Possibly complicating factors include AGP, and AMD 8000 chipset so including agpgart IOMMU taking up part of the AGP window.

If all r7xx are affected, why on earth is it working for me with that commit reverted, and not working for me with it applied?  Based on the fact that my Radeon 4650 card is quite new, I'm still wondering if, somehow, whatever problem that commit I'm reverting is supposed to fix doesn't apply to this card revision.

Or perhaps it's a mixup with AGPGART.

I did note one of the recent drm/radeon commits updated an ID to categorize it correctly, but the retail package labeling, the kernel, and the radeon manpage, all seem to agree that the hd4560 I bought should be an rv730, so it'd seem the ID is right.  But the hardware sure doesn't like the stuff in that if statement I'm reverting, that's for sure, whatever the reason may be!

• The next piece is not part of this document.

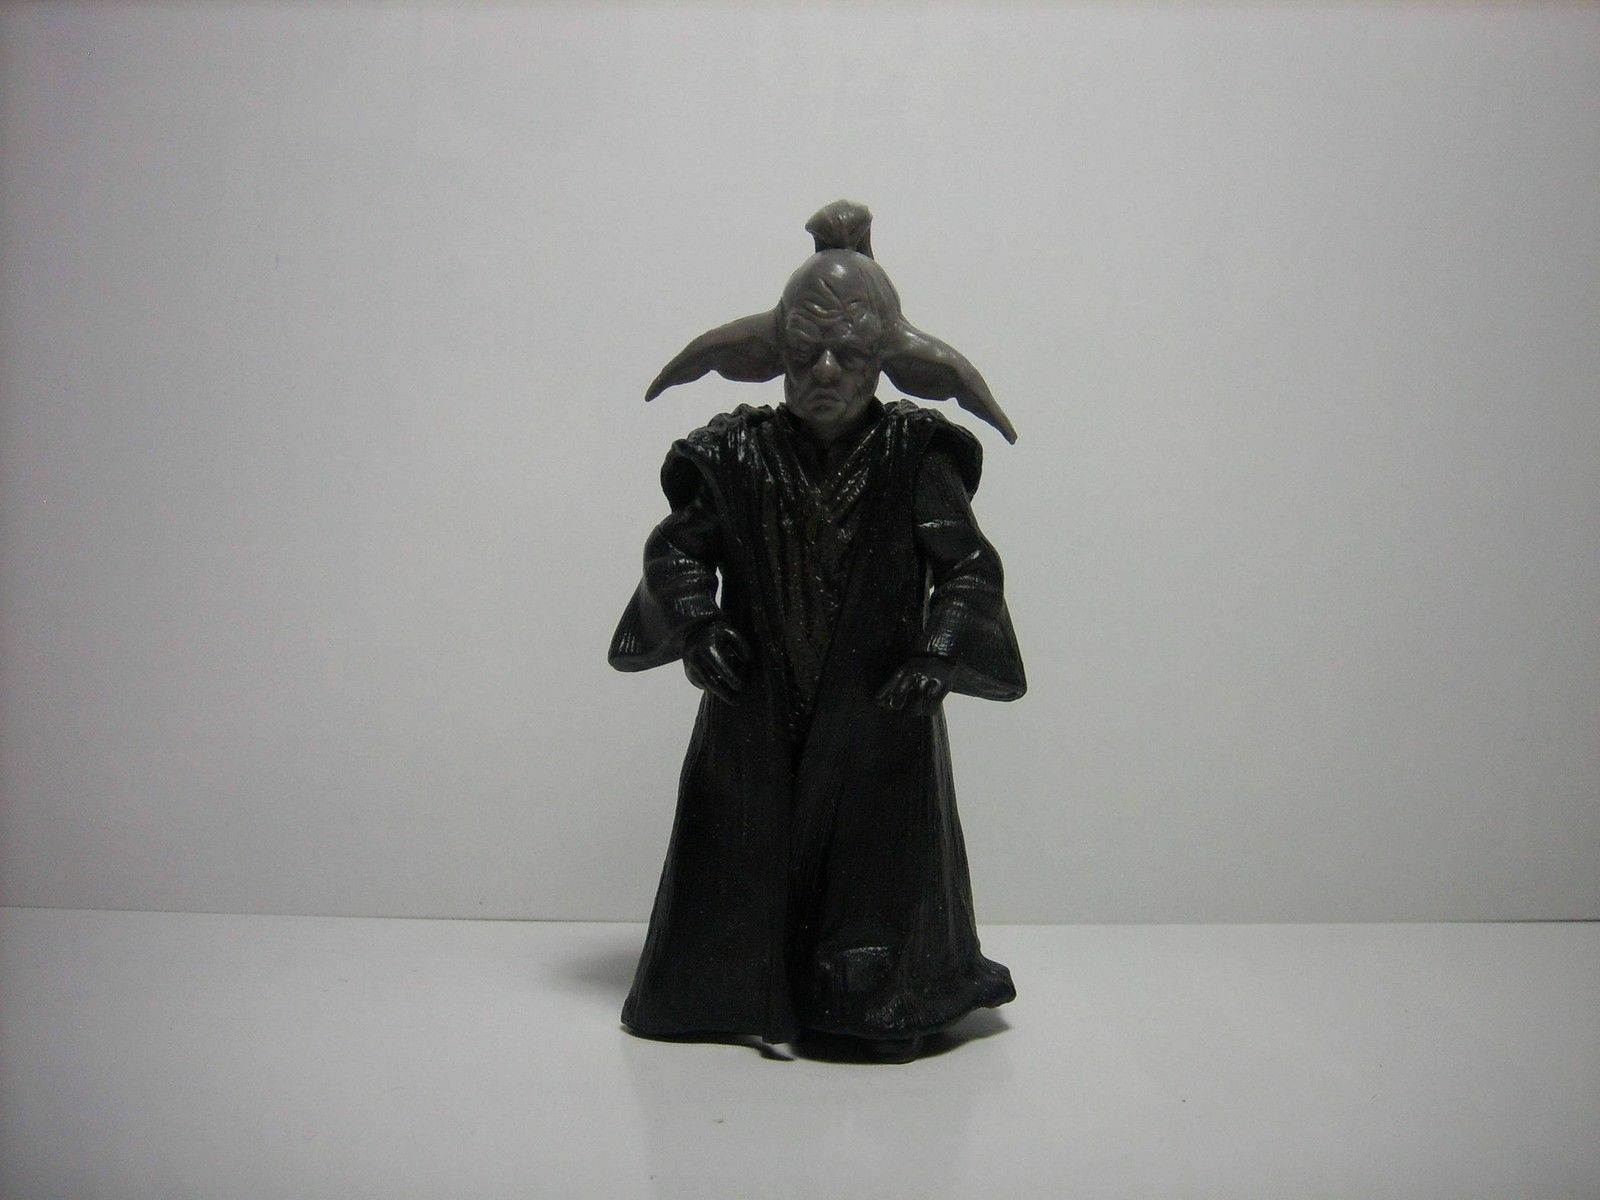 Star Wars Prototype - Even Piell - 2003 Saga AOTC Jedi High Council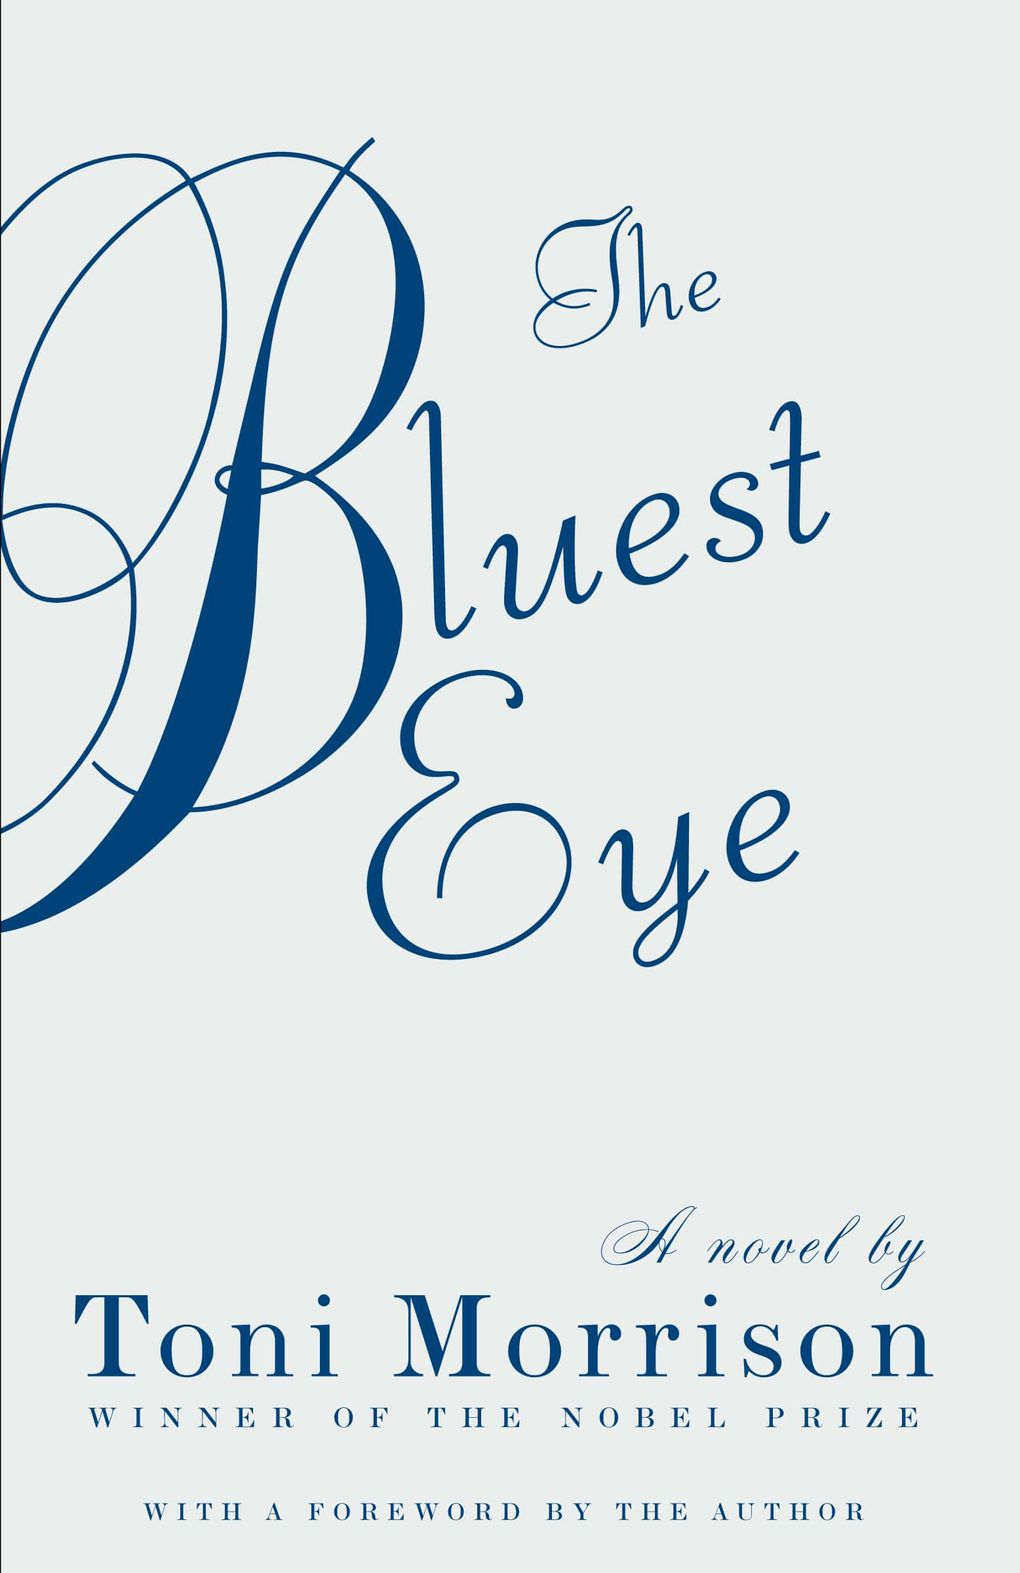 """The Bluest Eye"" was published in 1970, when Toni Morrison was 39."

Meanwhile, if you can come up with a patch to give you information a bit more useful, or if you just need more dmesg output (beyond what's posted to the original bug), just ask and I'll do what I can.  I have been working some pretty crazy hours lately, however (in addition to those missed email notifications), the reason my followups haven't been as timely as I'd have liked.
Comment 5 Alex Deucher 2010-10-12 15:30:45 UTC
DRI is enabled by default in the xserver, and there's no way to disable it with kms.  I'm not sure what you were getting before without seeing your X log.  You can disable acceleration in X with:
Option "NoAccel" "TRUE"
in the device section of your xorg.conf

It could be general AGP problems.  Does disabling AGP help?  Boot with radeon.agpmode=-1
Comment 6 Duncan 2010-10-13 14:12:11 UTC
[Grumble!  My prefs are set to mail for all comment additions, but I'm not getting them ATM!  Is this a known bugzilla.kernel.org issue ATM?  Maybe it's my ISP eating them as spam?  Anyway, I know to check manually now.]

With KMS and previous xorg-server versions (1.9.0 at least, as mentioned on the previous bug), Option "NoAccel" in the device section didn't seem to do anything, but Disable "dri" in the Modules section did just that.  The xorg log confirmed it.

With the current setup, I was blaming it on kde 4.5.2 but maybe it's xorg 1.9.0.901, the Modules section Disable "dri" works (disables dri) according to the log, but I get either no X graphics or only a fraction of a second of graphics, before it switches back to the KMS mode text VT I was in previously.

And yes, I know dri was disabled previously because not only kde had no OpenGL effects, but glxinfo reported the mesa software rendering OpenGL fallback, not the radeon hardware OpenGL rendering I normally see.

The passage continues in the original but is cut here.